You must, therefor, occasionally test the build. That means, take a fresh machine, set up the listed dependencies, and ideally nothing else. Run the build according to the documented build script. This must produce output that is identical to what you are regularly using in your development and test project.
It is a good idea to insist that every developer do the build exactly according to the standard build script. This means that every developer is testing the build every time they run it. All of these developers should be getting reproducible results. If every developer is testing the build, then maybe there is no need for a dedicated build machine. It is a tradeoff: convenience of a centralized continuous build will warn everyone quickly of build problems, and will make the latest version available to everyone easily. However, a dedicated build machine makes the project fragile. Because the dedicated build machine is isolated and always has the same environment, you are unable to detect if there is a hidden dependency to this environment.
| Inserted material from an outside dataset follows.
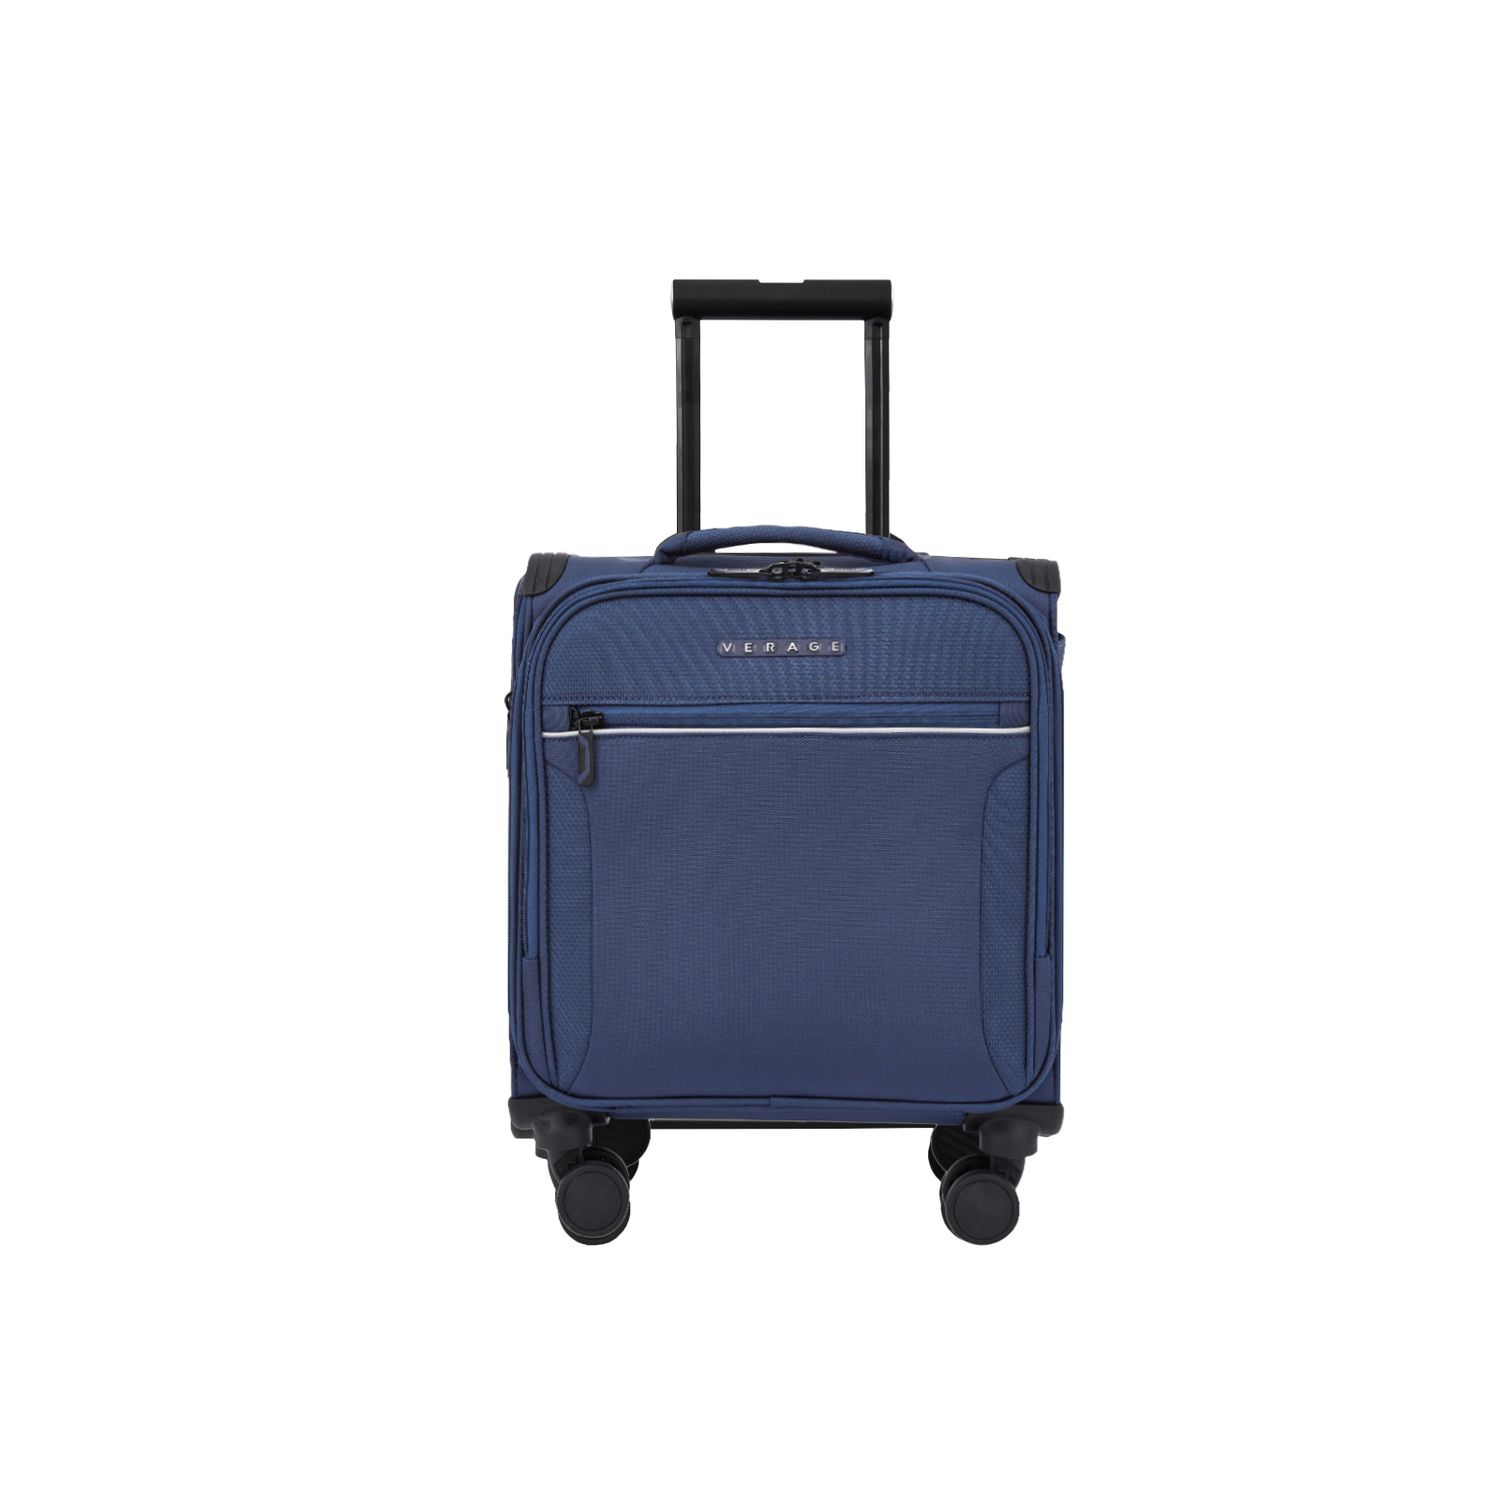 Small cabin suitcase 4 wheels

With a fragile build, you will not have confidence that the project can be built in the future.
A build machine may be a convenience, but it must not be a requirement! A stable, robust project must be able to be built easily and be built anywhere, with only a minimal set of clearly documented requirements. The only way you know that your build is reproducible, is to regularly build the project in multiple, varying environments.
- Better QA: The Benefits of Using A Build Machine – argues the opposite case that holding OS version and everything constant will give you more accurate tests. I disagree because OS version really do change in the real world, and holding everythign constant means you are only testing one very specific environment.
- The Magical Build Machine – Includes some other horrors of a build machine. It engenders an us-versus-them situation between coders and testers. It allows build scripts to get unnecessarily complicated — forcing everyone to do the build will help keep the scripts simpler. Recommendation is to make sure that “magic” is not required to do a build.
- The Build Server: Your Project’s Heart Monitor – Same author as before points out that a continuous build offers benefit beyond just building. I agree. My concern is when it is the ONLY place that you build. Use a build machine, but don’t forget to also have the build happening in many other places by many other people. And most important: when the build fails on a developer machine, fix the build, don’t just tell the developer to make their machine more like the build machine.
- Separate servers vs local machine for builds on solo project – a stack overflow discussion on the topic, closed for being “opinionated.” My take is that for a solo project, you need to be sure to do builds on a machine separate from your primary development machine — I use four different machines for building myself, and every release I build on all four machines. If an automated build machine helps you do this, then that could be a benefit for solo projects.
- Does your project have a Heartbeat? – Another contrarian who believes that the build machine should be pristine. Warning: this could make your build fragile, and years from now you might not be able to build the old copy of the source.